DATA SEGMENT -
[Start of section]
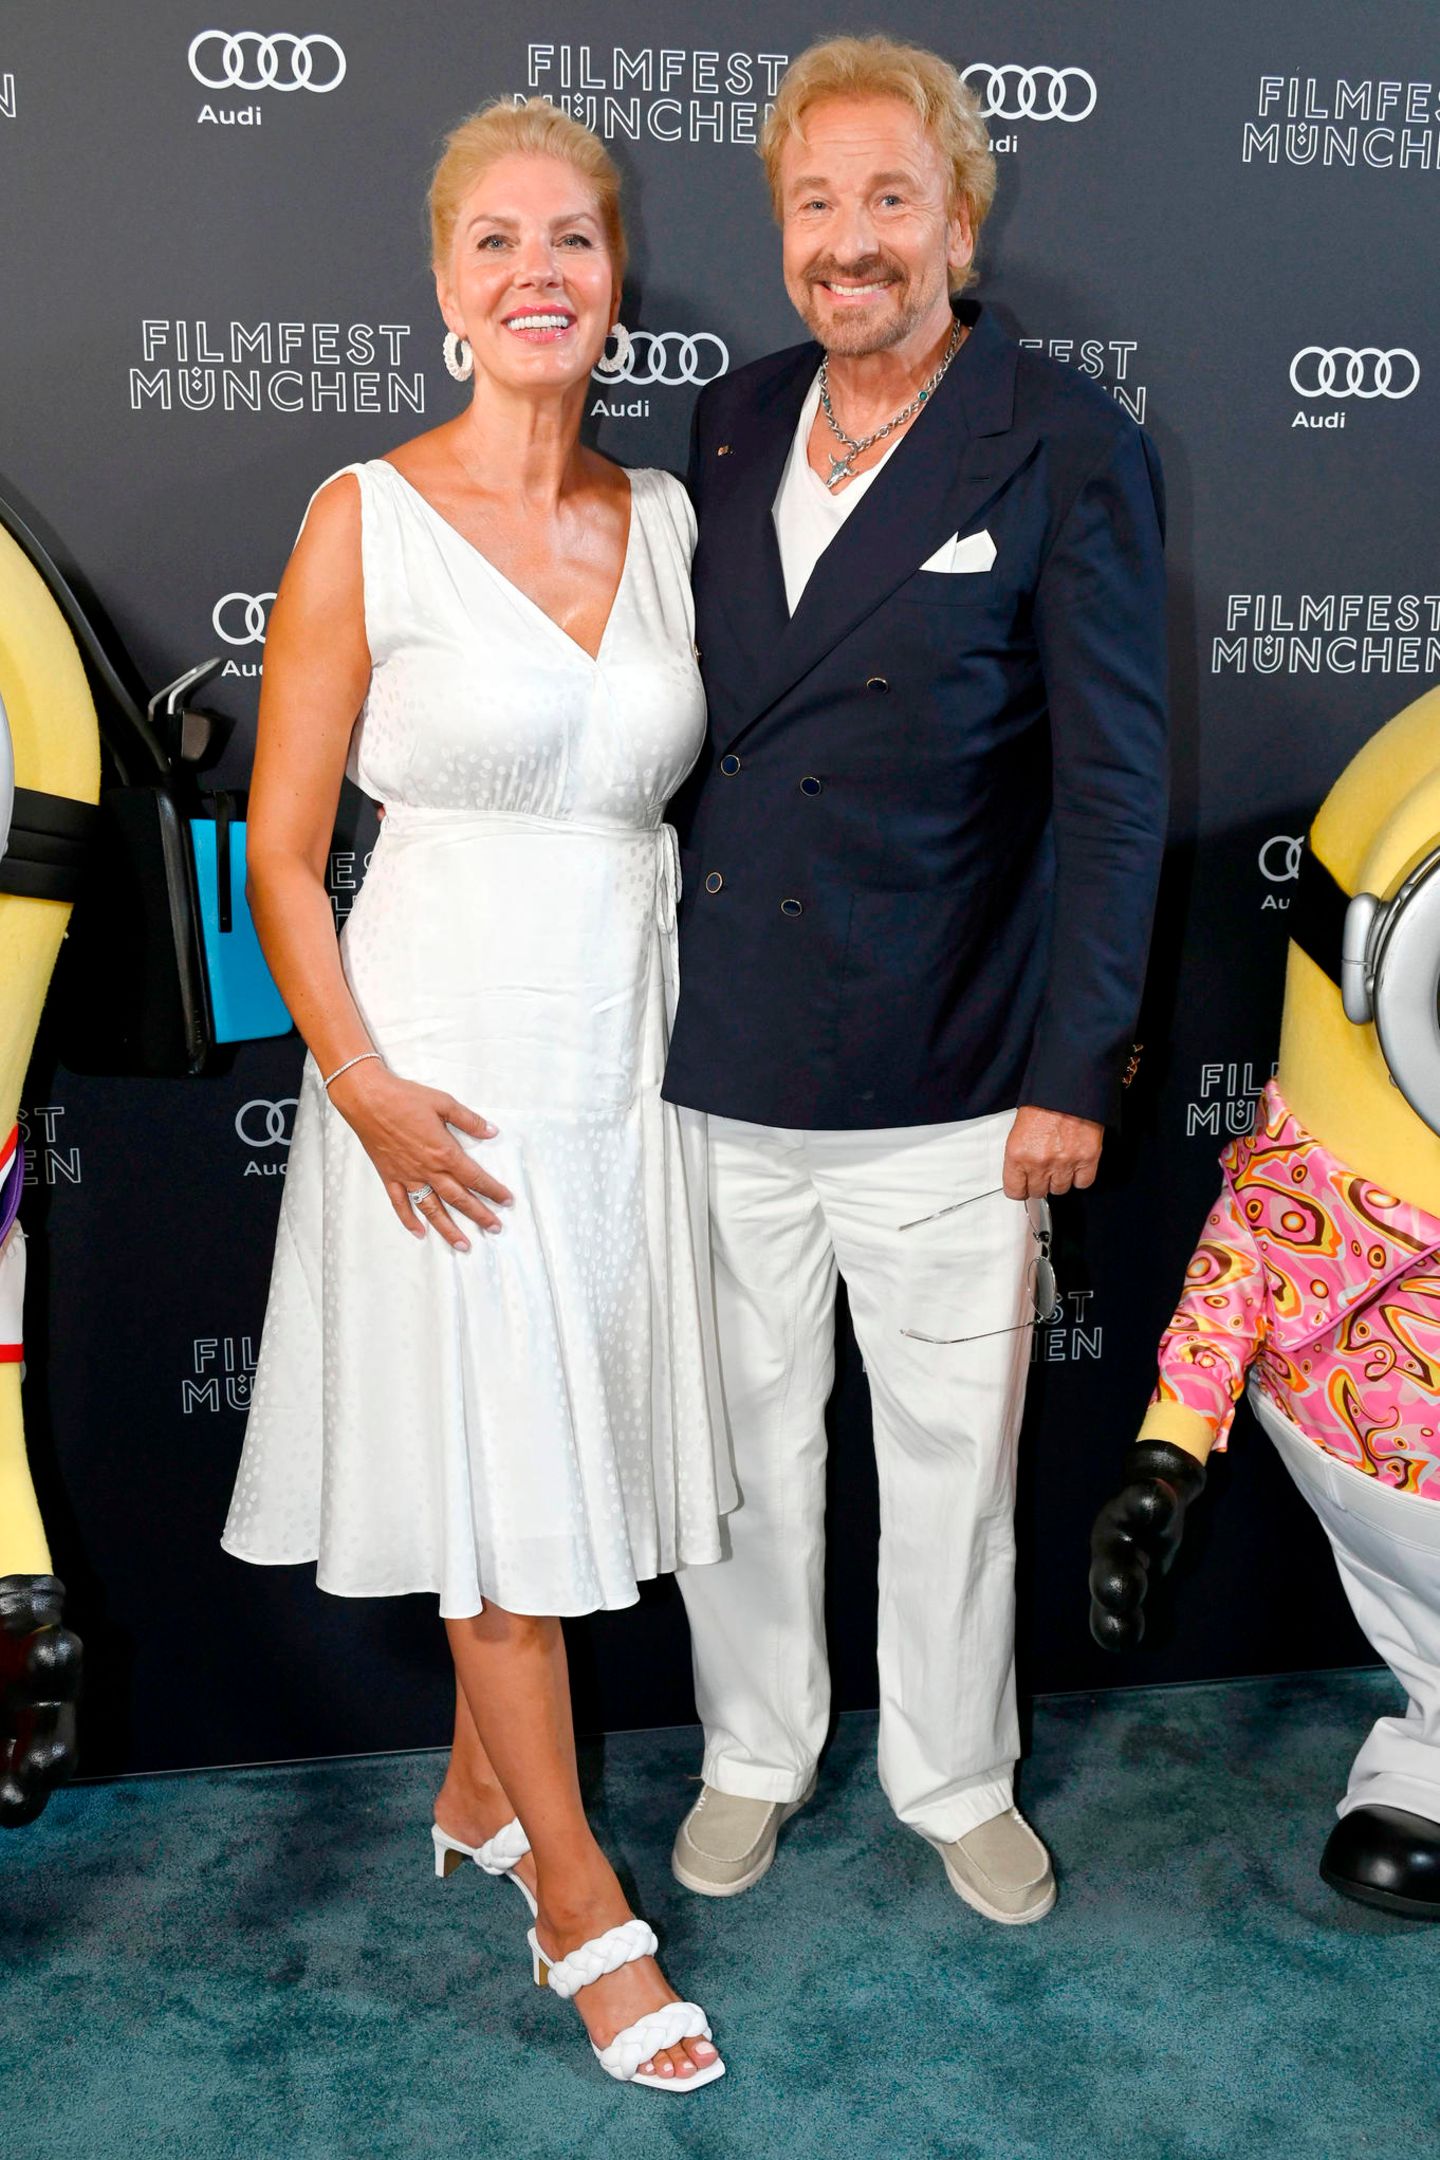 Thomas Gottschalk besucht gemeinsam mit seiner Partnerin Karina Mroß die Premiere von "'Minions - Auf der Suche nach dem Mini-Boss". Sichtlich gut gelaunt zeigt sich das Paar auf dem roten Teppich. Doch auch optisch harmonieren die beiden mit weißem Sommerkleid und weiß-blauem Anzug perfekt.
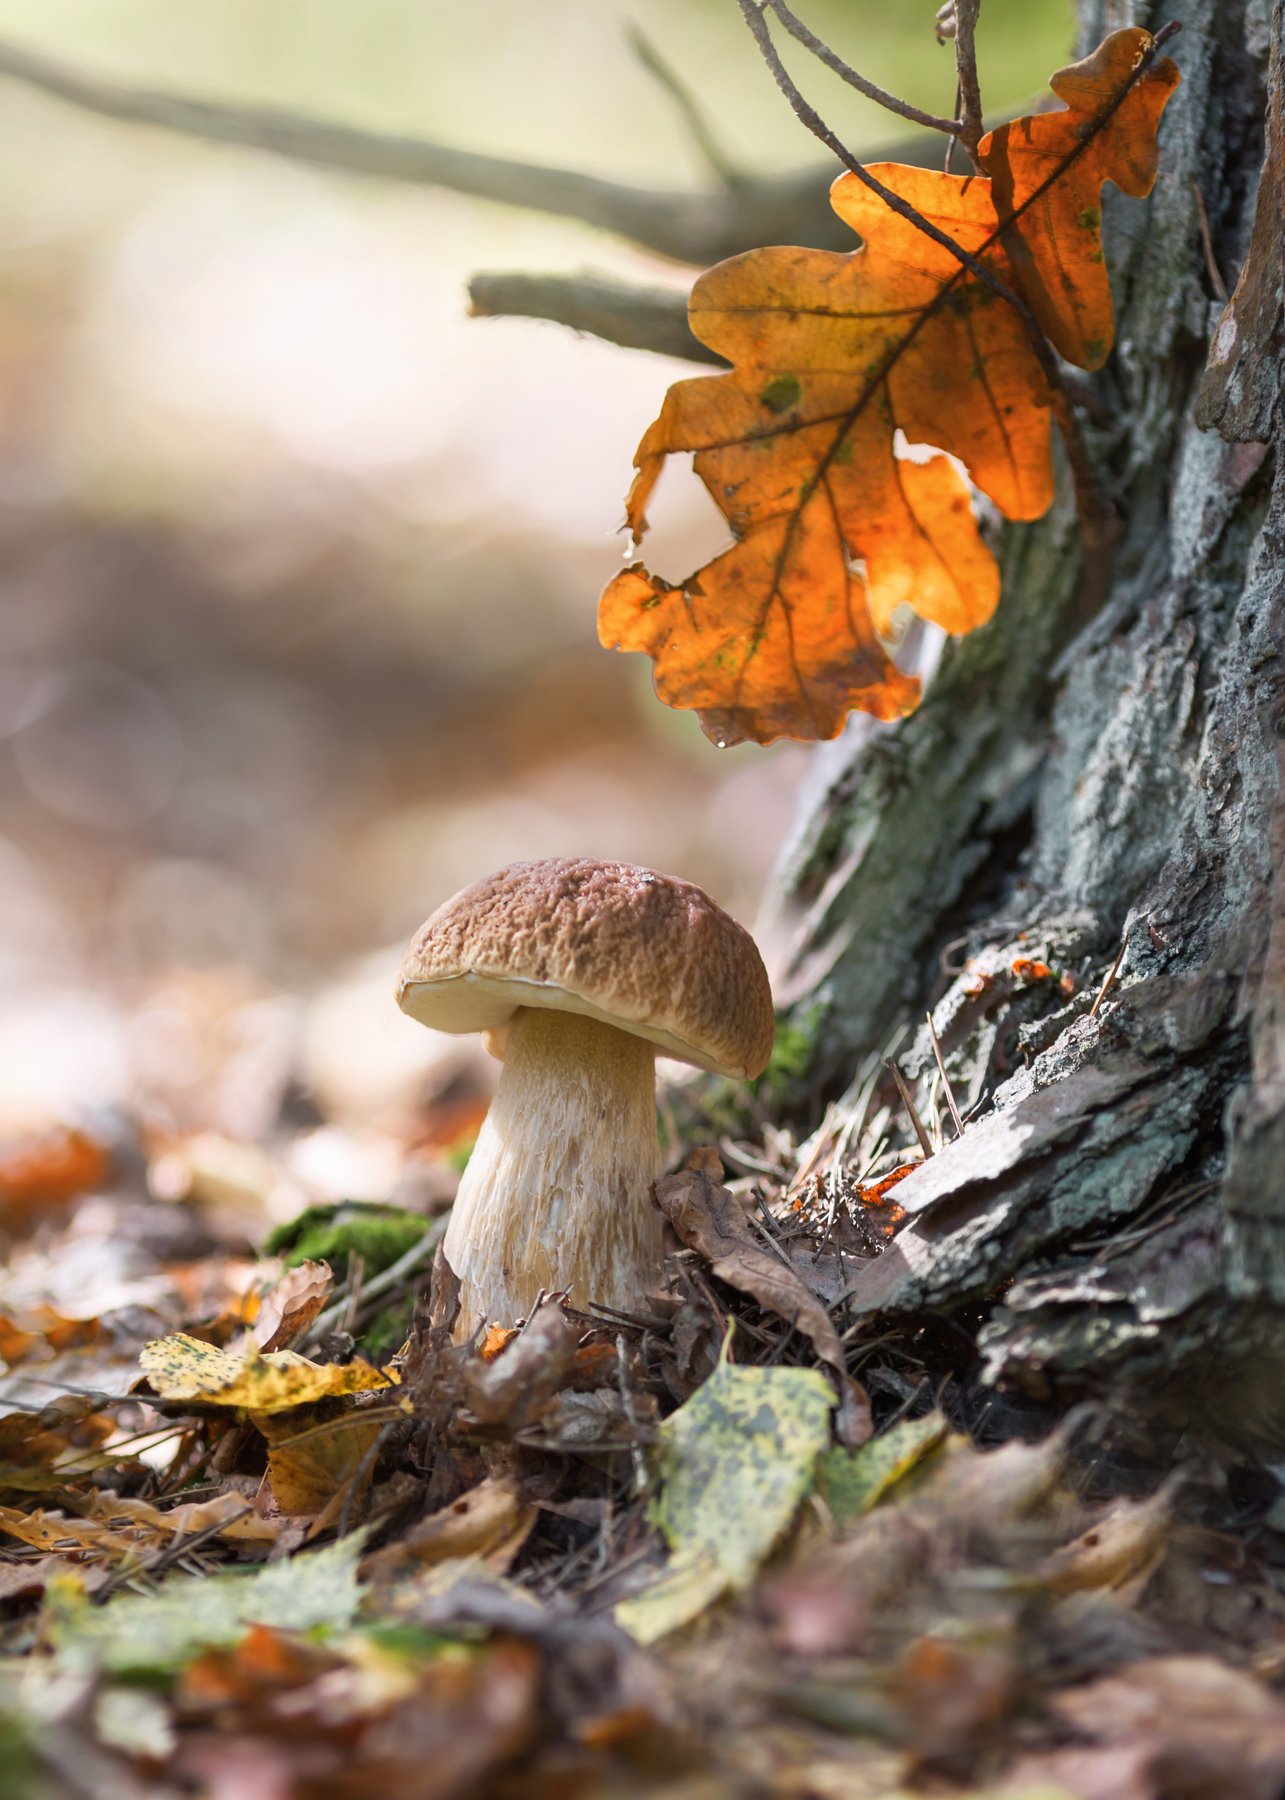 белый гриб,моя беларусь, прогулки в лесу, дубовый лист цвета янтаря, теплая осень,жизнь, лесные истории,моя беларусь, ирина горюкина, Ирина Горюкина
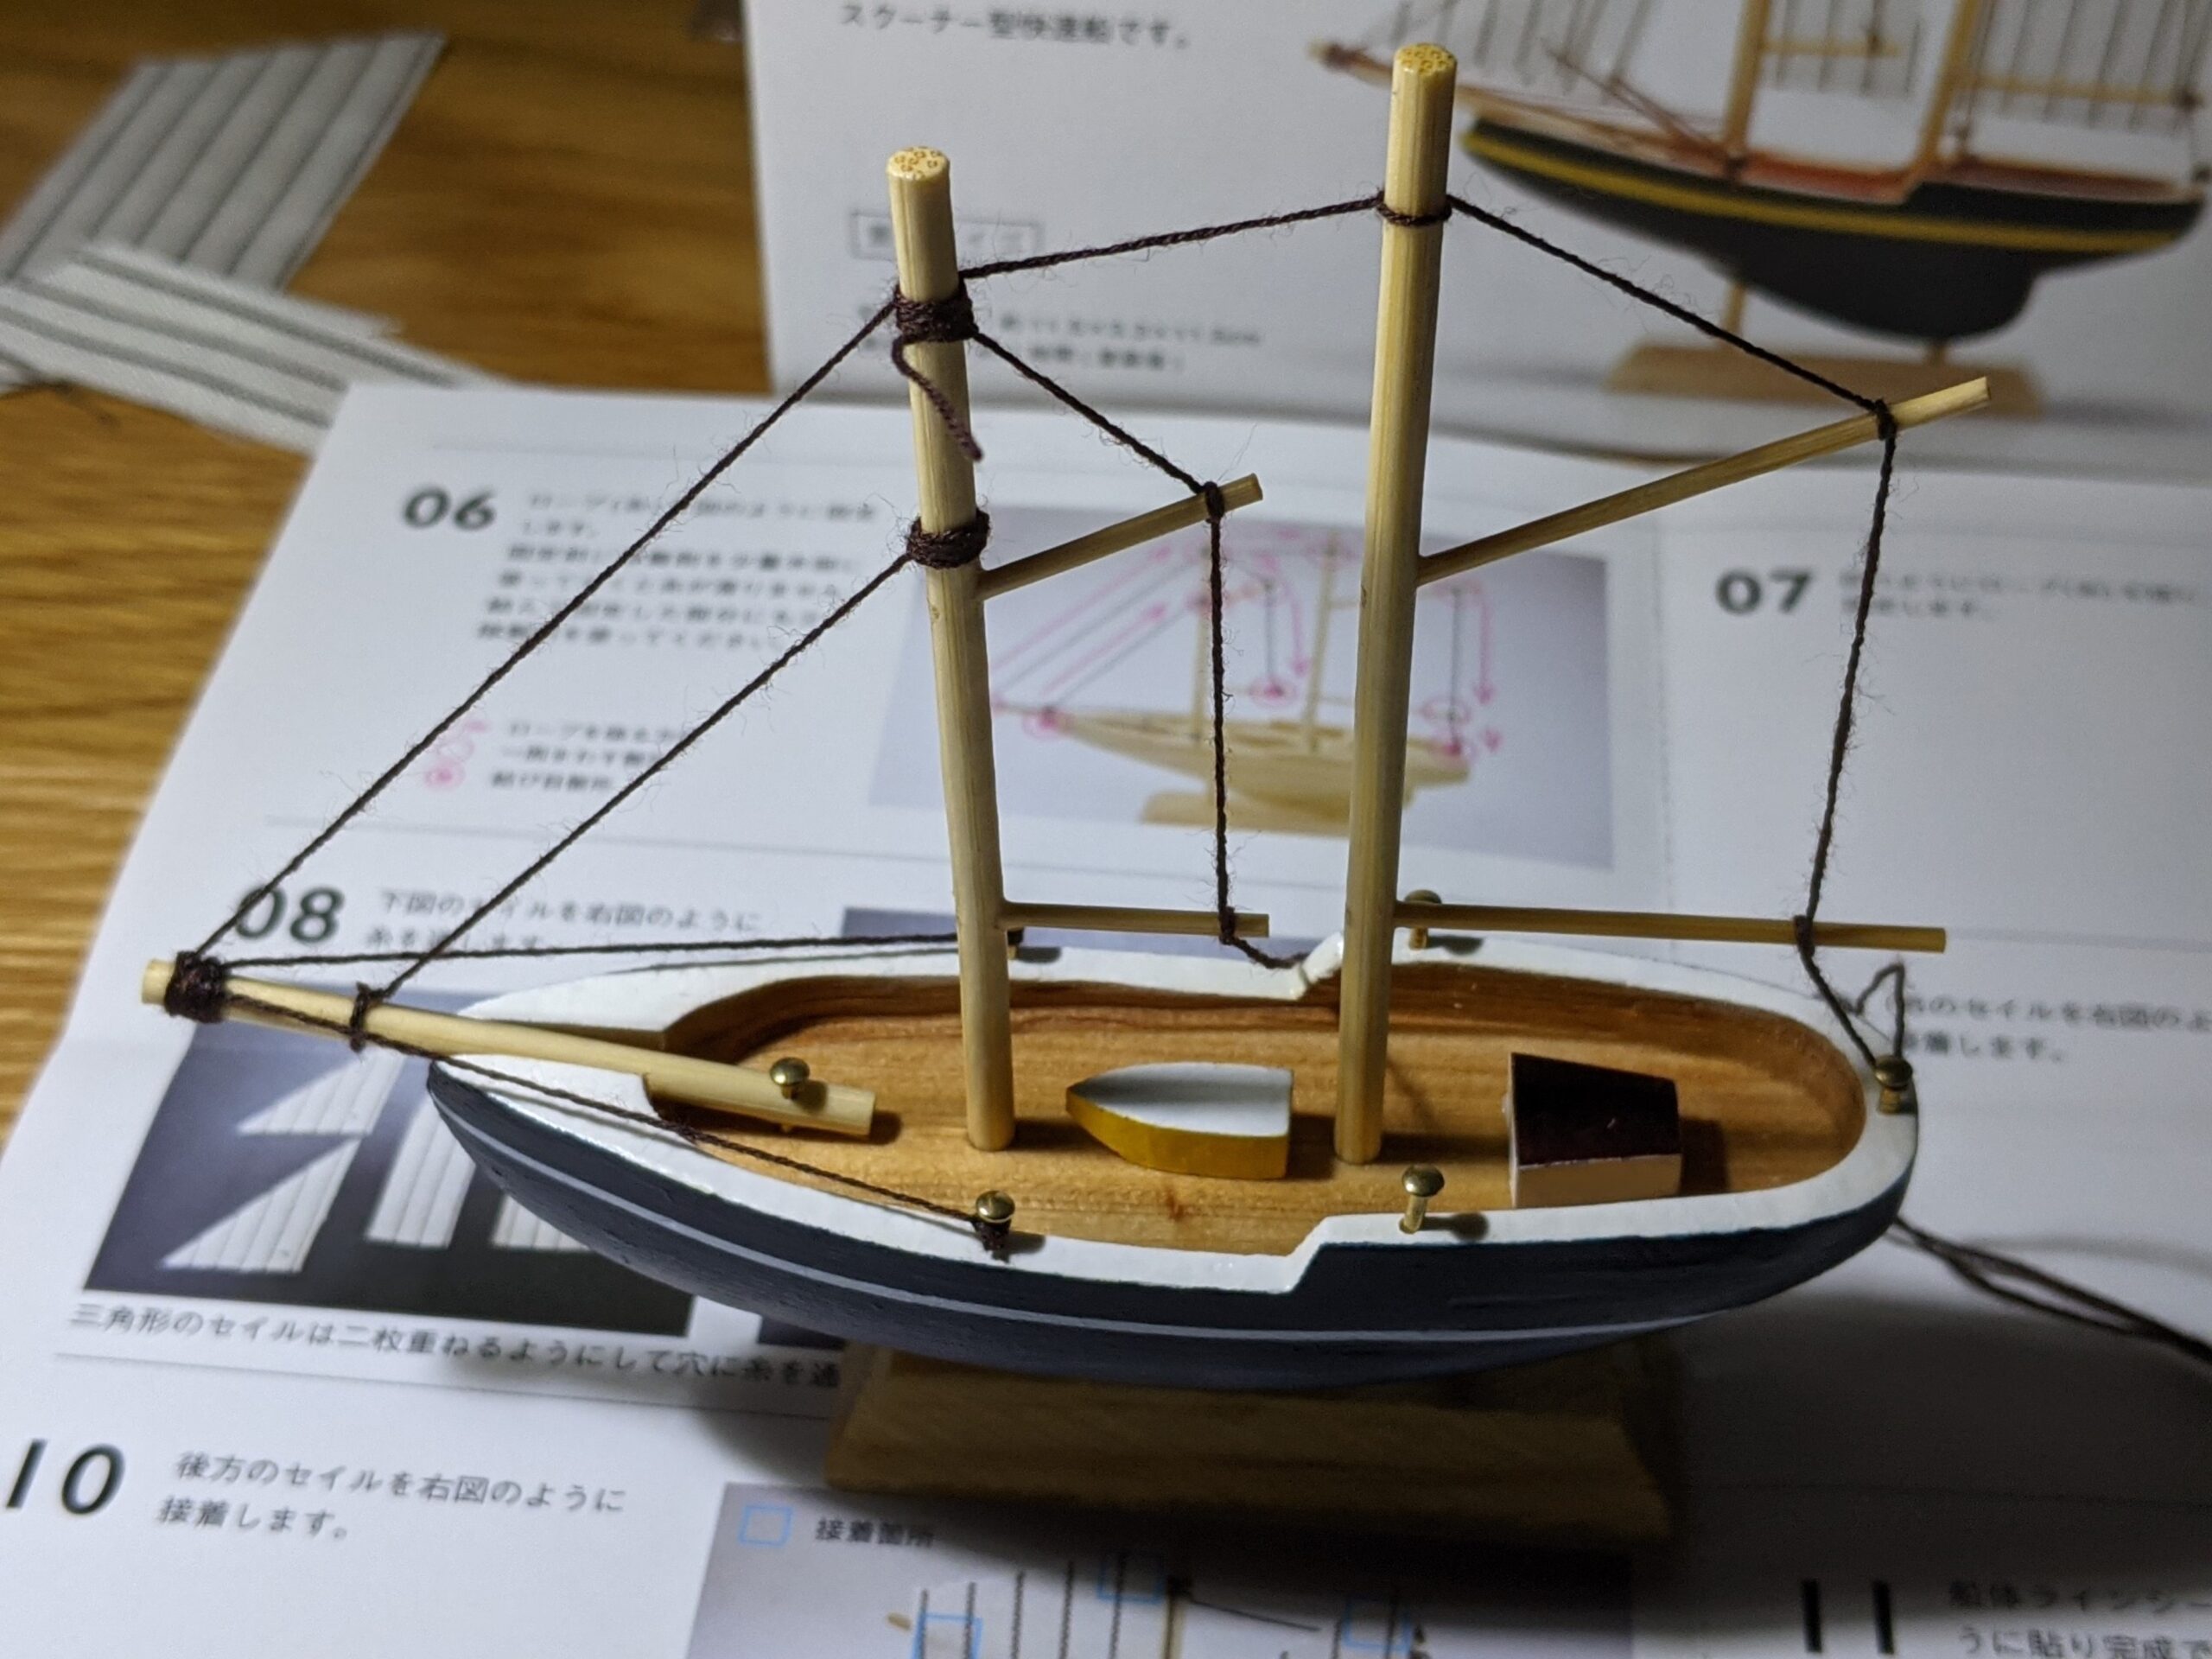 あおぞら モデルシップ 帆船模型 AOZORA ブルーノーズ ミニ Bluenose Mini のマストにロープを取り付けた様子
[End of section]
The expected output is the complete listing, word for word, without any picture.

 Thomas Gottschalk besucht gemeinsam mit seiner Partnerin Karina Mroß die Premiere von "'Minions - Auf der Suche nach dem Mini-Boss". Sichtlich gut gelaunt zeigt sich das Paar auf dem roten Teppich. Doch auch optisch harmonieren die beiden mit weißem Sommerkleid und weiß-blauem Anzug perfekt.
 белый гриб,моя беларусь, прогулки в лесу, дубовый лист цвета янтаря, теплая осень,жизнь, лесные истории,моя беларусь, ирина горюкина, Ирина Горюкина
 あおぞら モデルシップ 帆船模型 AOZORA ブルーノーズ ミニ Bluenose Mini のマストにロープを取り付けた様子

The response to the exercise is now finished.